*INFORMATION PROVIDED*:
........

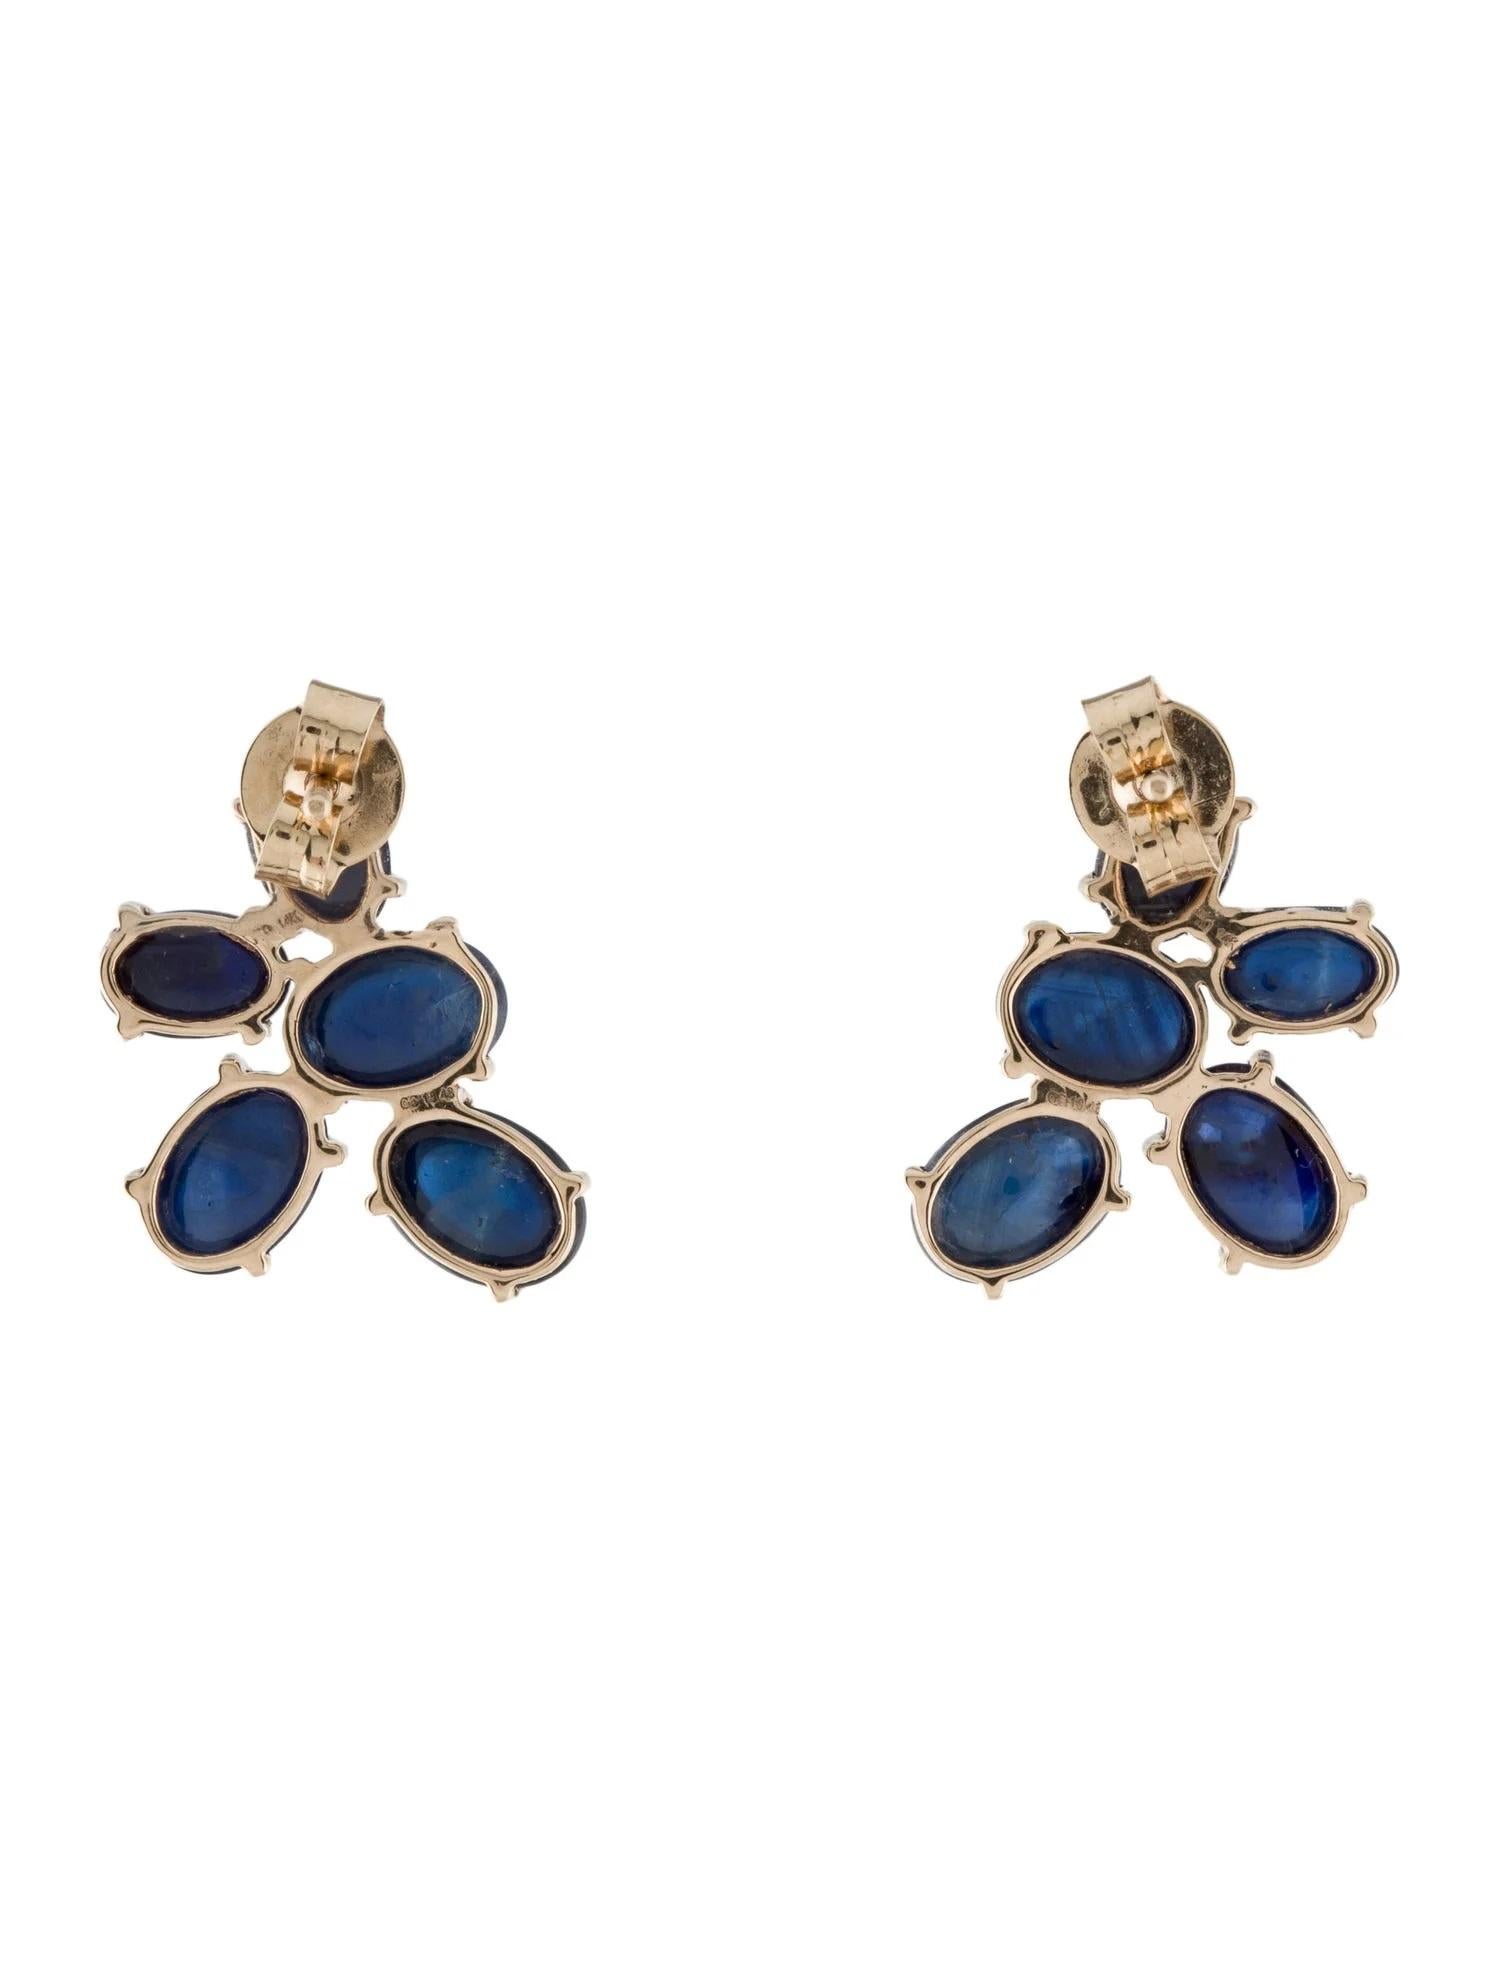 Artist 14K Yellow Gold Sapphire Drop Stud Earrings, 10.44ctw Oval Cabochon Blue Stones For Sale
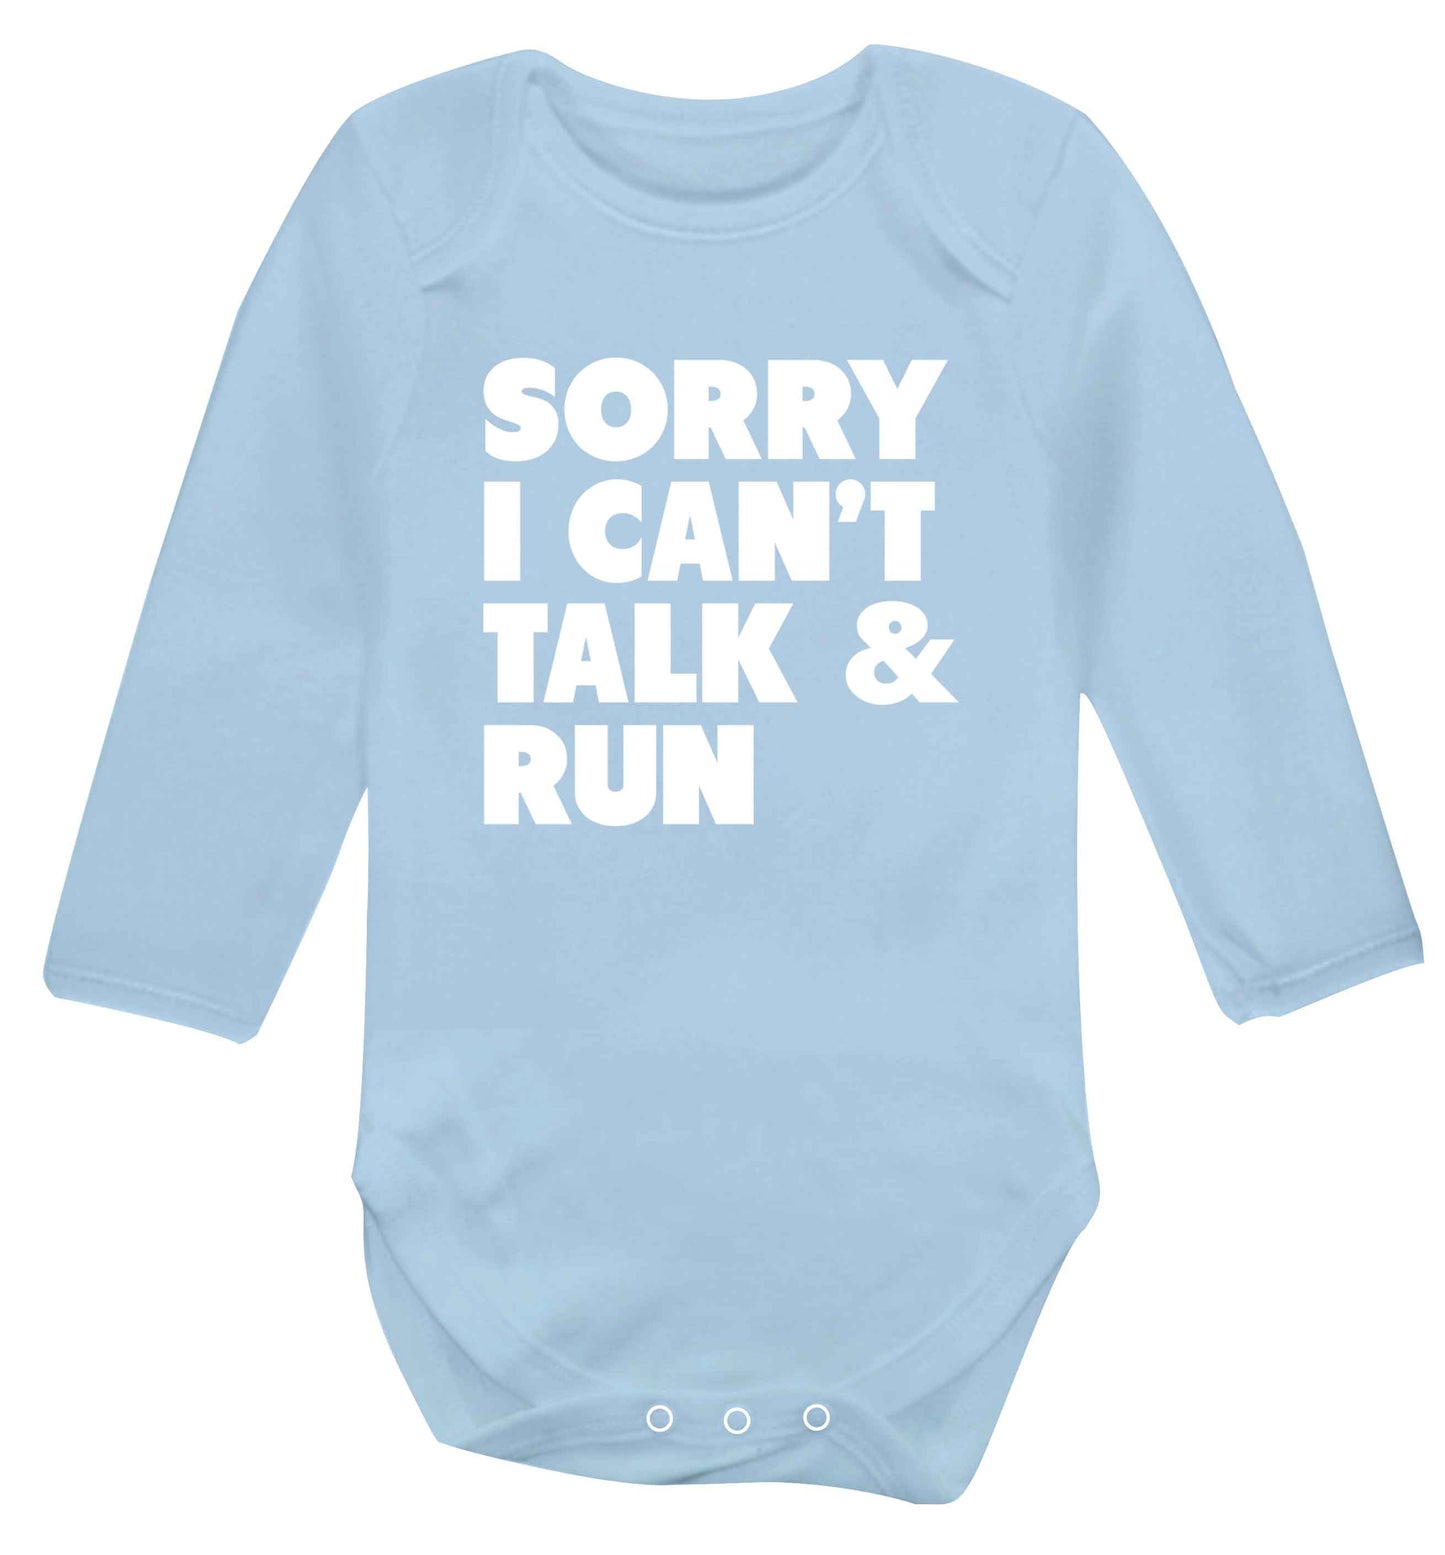 Sorry I can't talk and run baby vest long sleeved pale blue 6-12 months
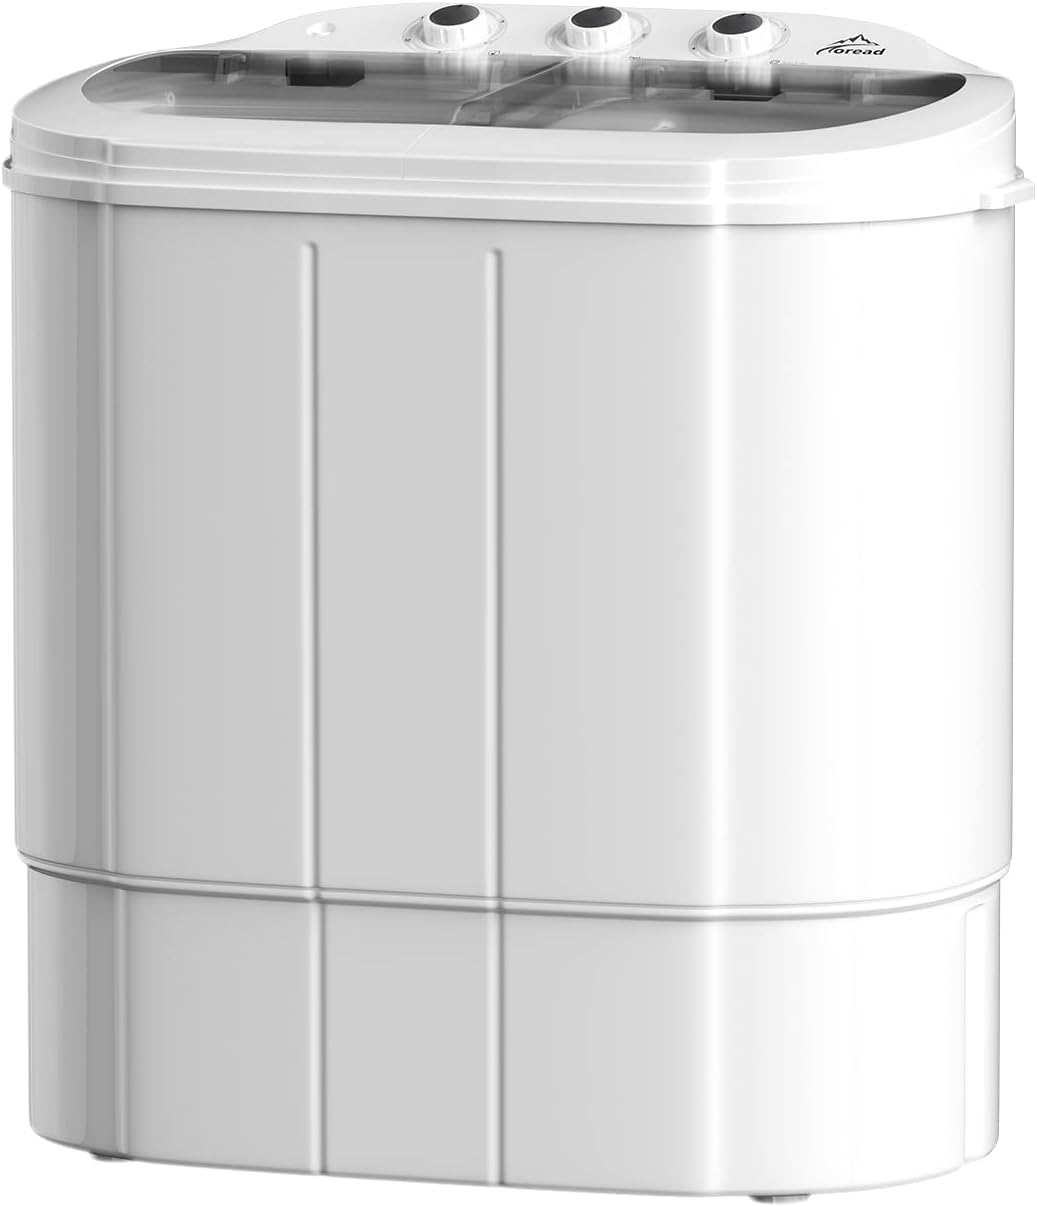 TOREAD Portable Small Washing Machine, 13.5Lbs Mini Compact Washer and Dryer Combo, 2 in 1 Apartment Washers with Twin Tub for Laundry, Dorms, College, RV, Camping

........

I would like the data above transcribed exactly, with its pictures left out.

 Artist 14K Yellow Gold Sapphire Drop Stud Earrings, 10.44ctw Oval Cabochon Blue Stones For Sale
 Sorry I can't talk and run baby vest long sleeved pale blue 6-12 months
 TOREAD Portable Small Washing Machine, 13.5Lbs Mini Compact Washer and Dryer Combo, 2 in 1 Apartment Washers with Twin Tub for Laundry, Dorms, College, RV, Camping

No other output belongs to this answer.